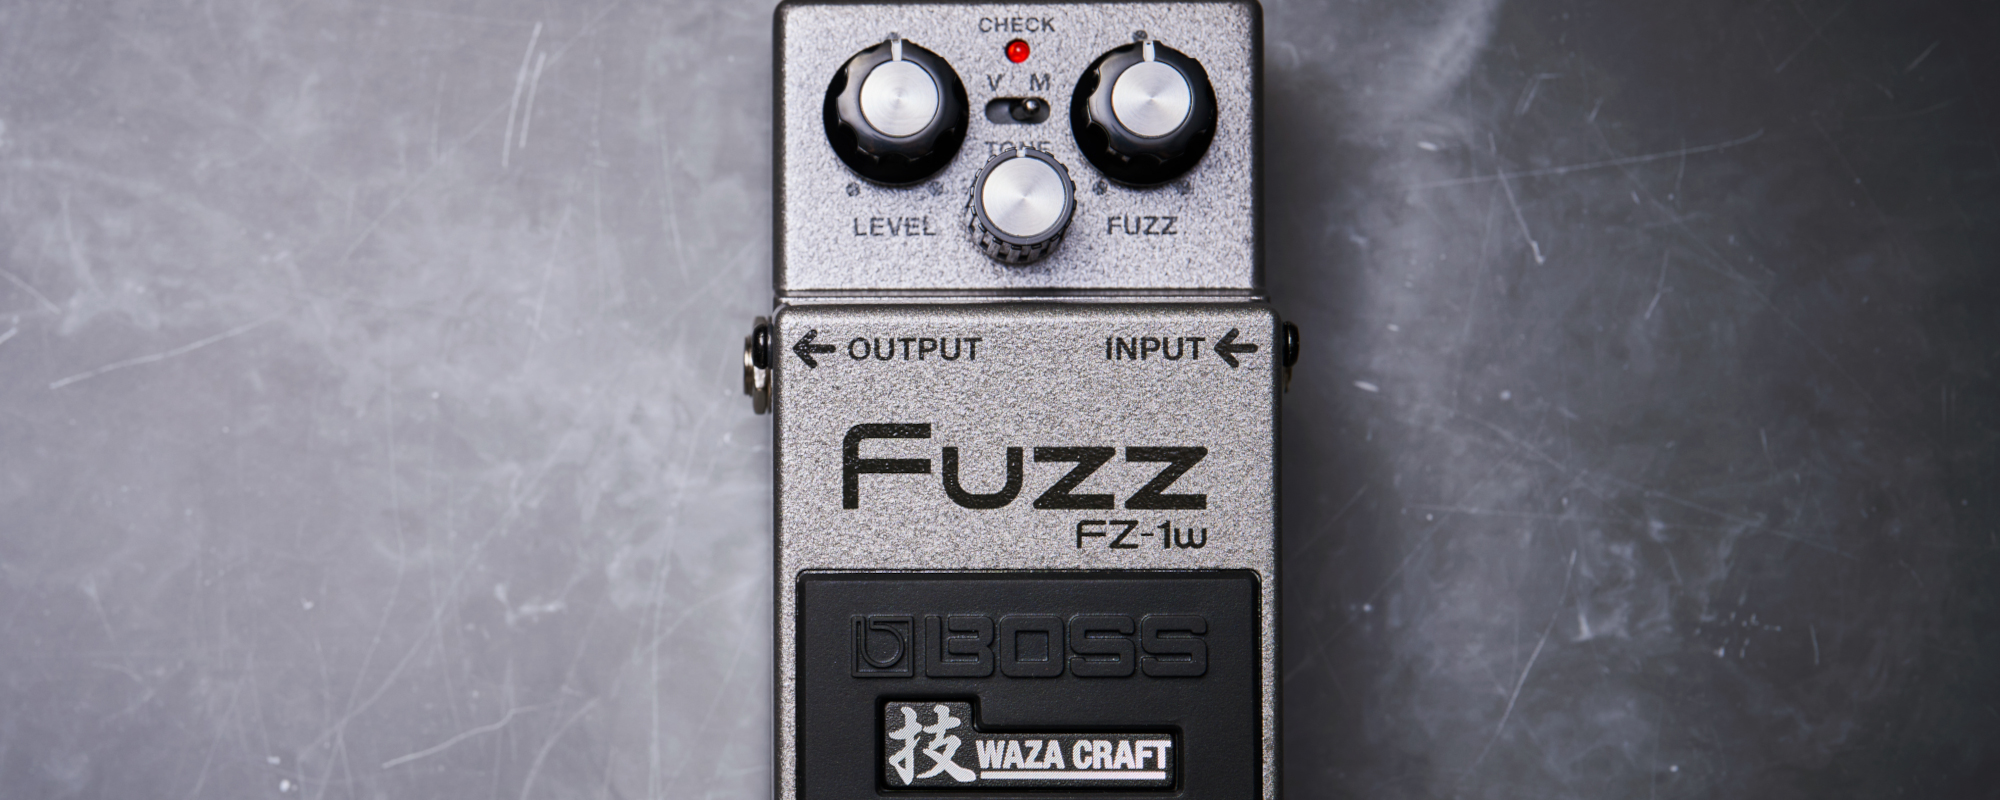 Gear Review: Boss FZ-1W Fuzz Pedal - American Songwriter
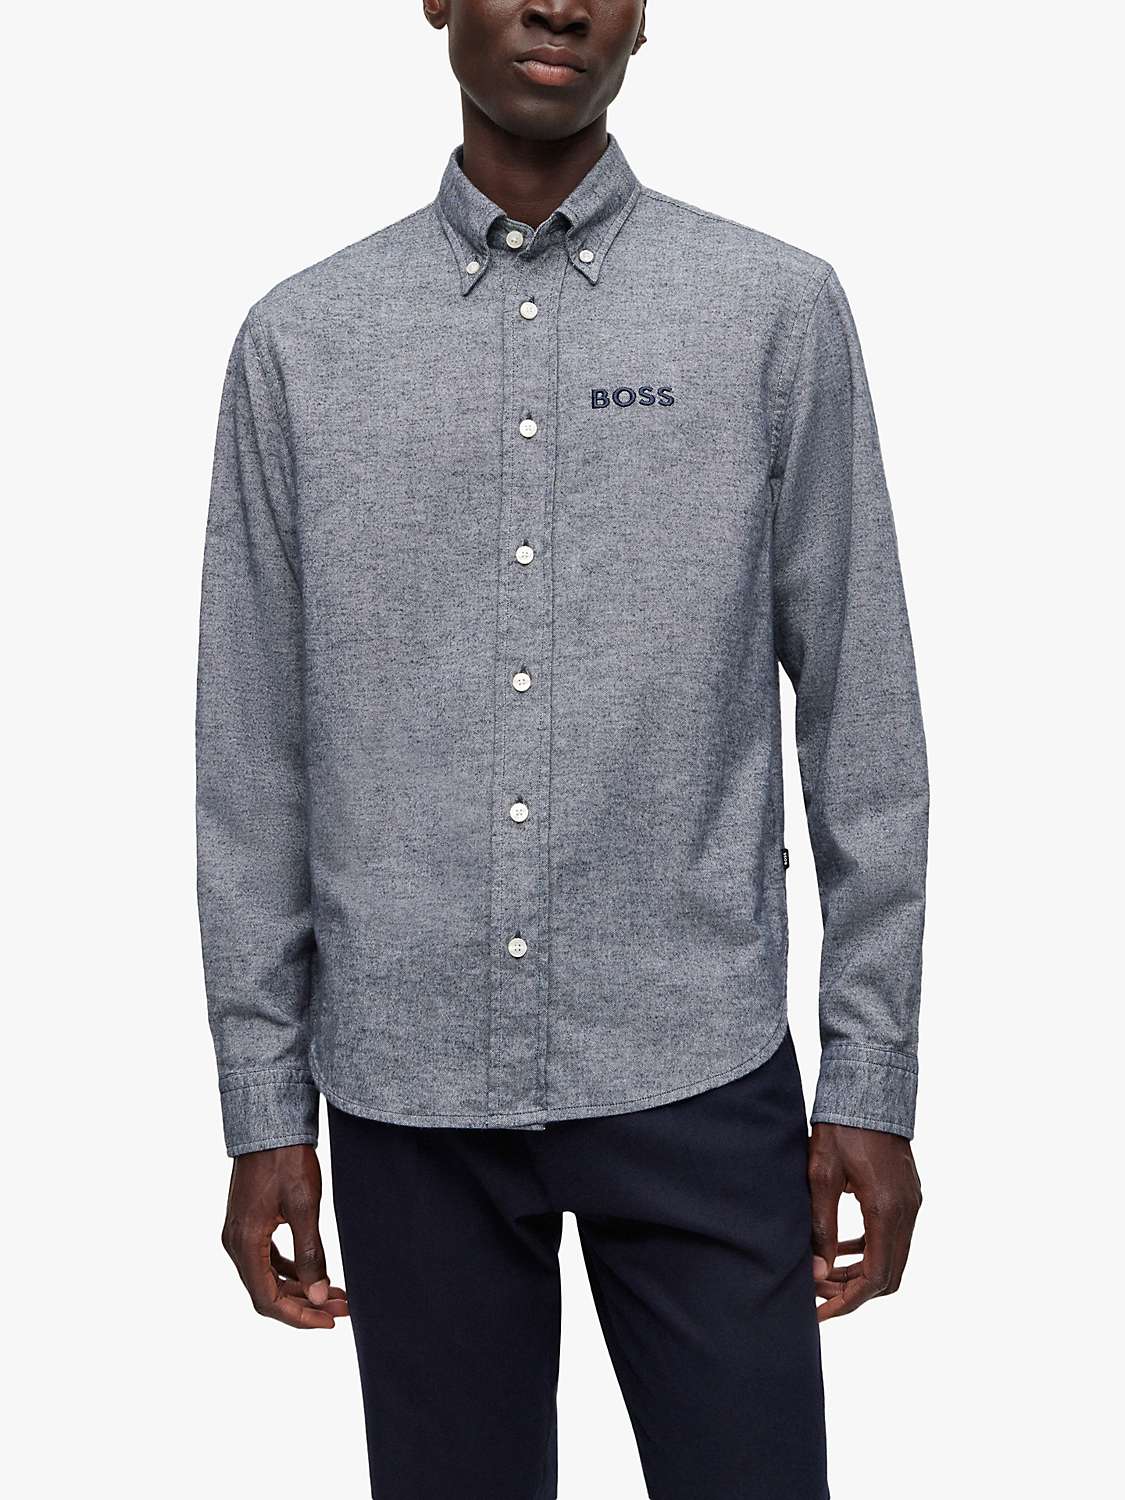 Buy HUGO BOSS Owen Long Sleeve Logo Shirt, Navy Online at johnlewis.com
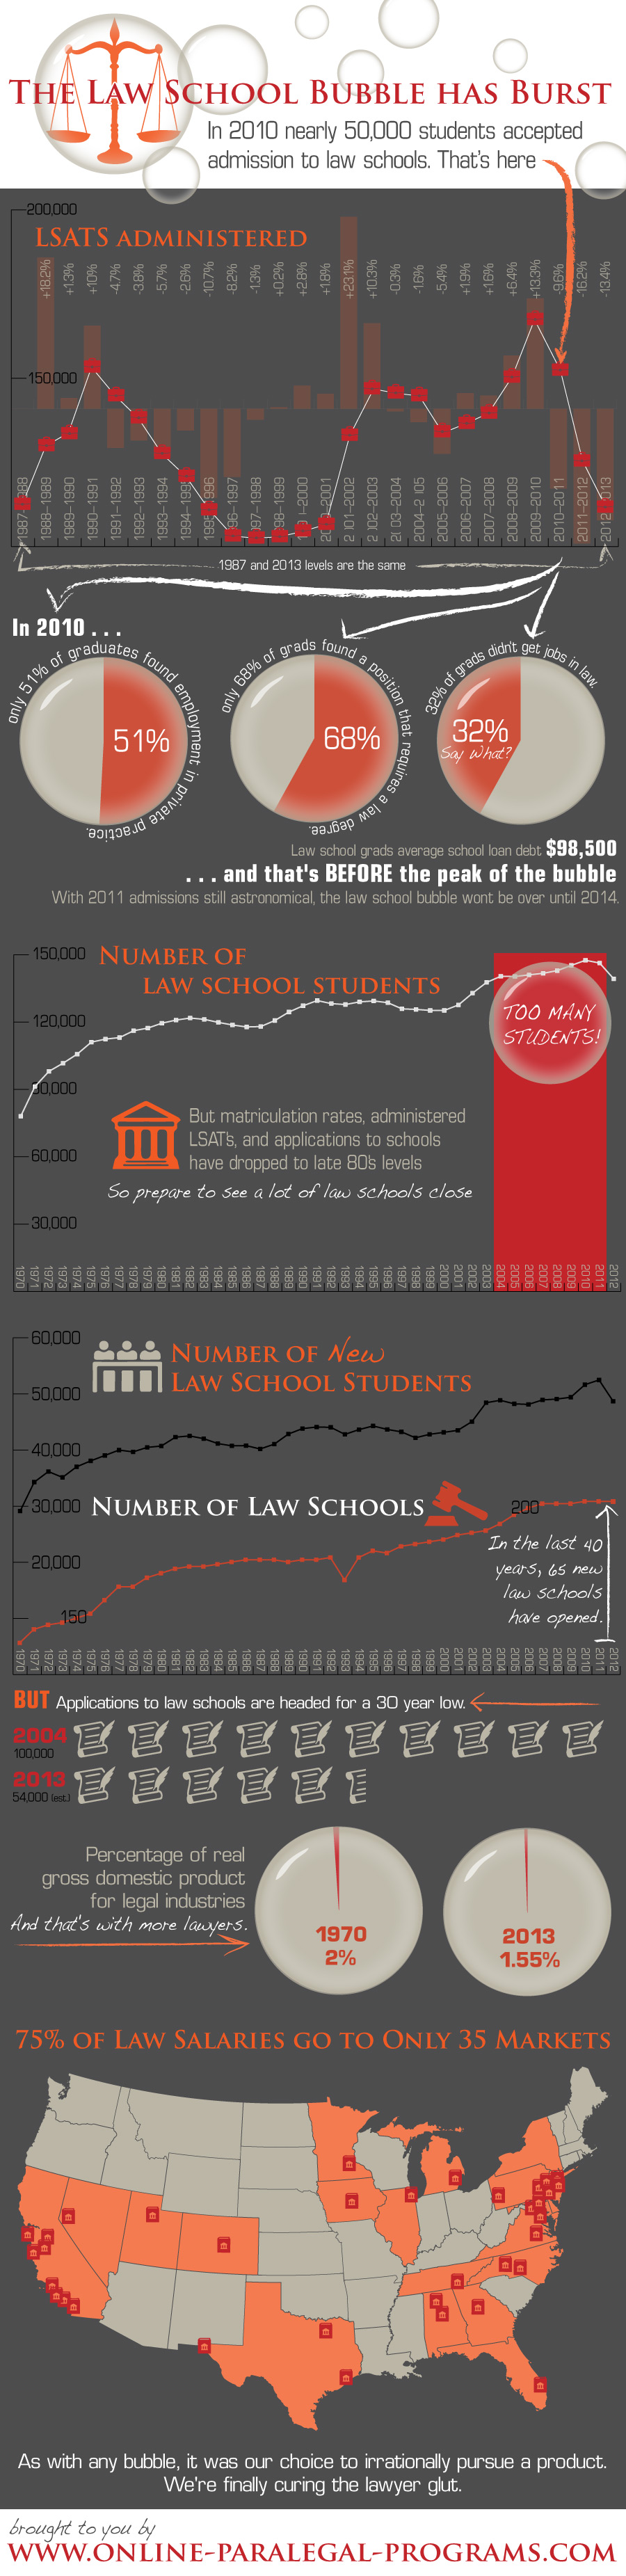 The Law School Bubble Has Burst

WORK TO BE COMPLETED:
The expected answer is the listing above, duplicated exactly, with its pictures removed.

SOLUTION TO THIS TASK:
 Gear Review: Boss FZ-1W Fuzz Pedal - American Songwriter
 Buy HUGO BOSS Owen Long Sleeve Logo Shirt, Navy Online at johnlewis.com
 The Law School Bubble Has Burst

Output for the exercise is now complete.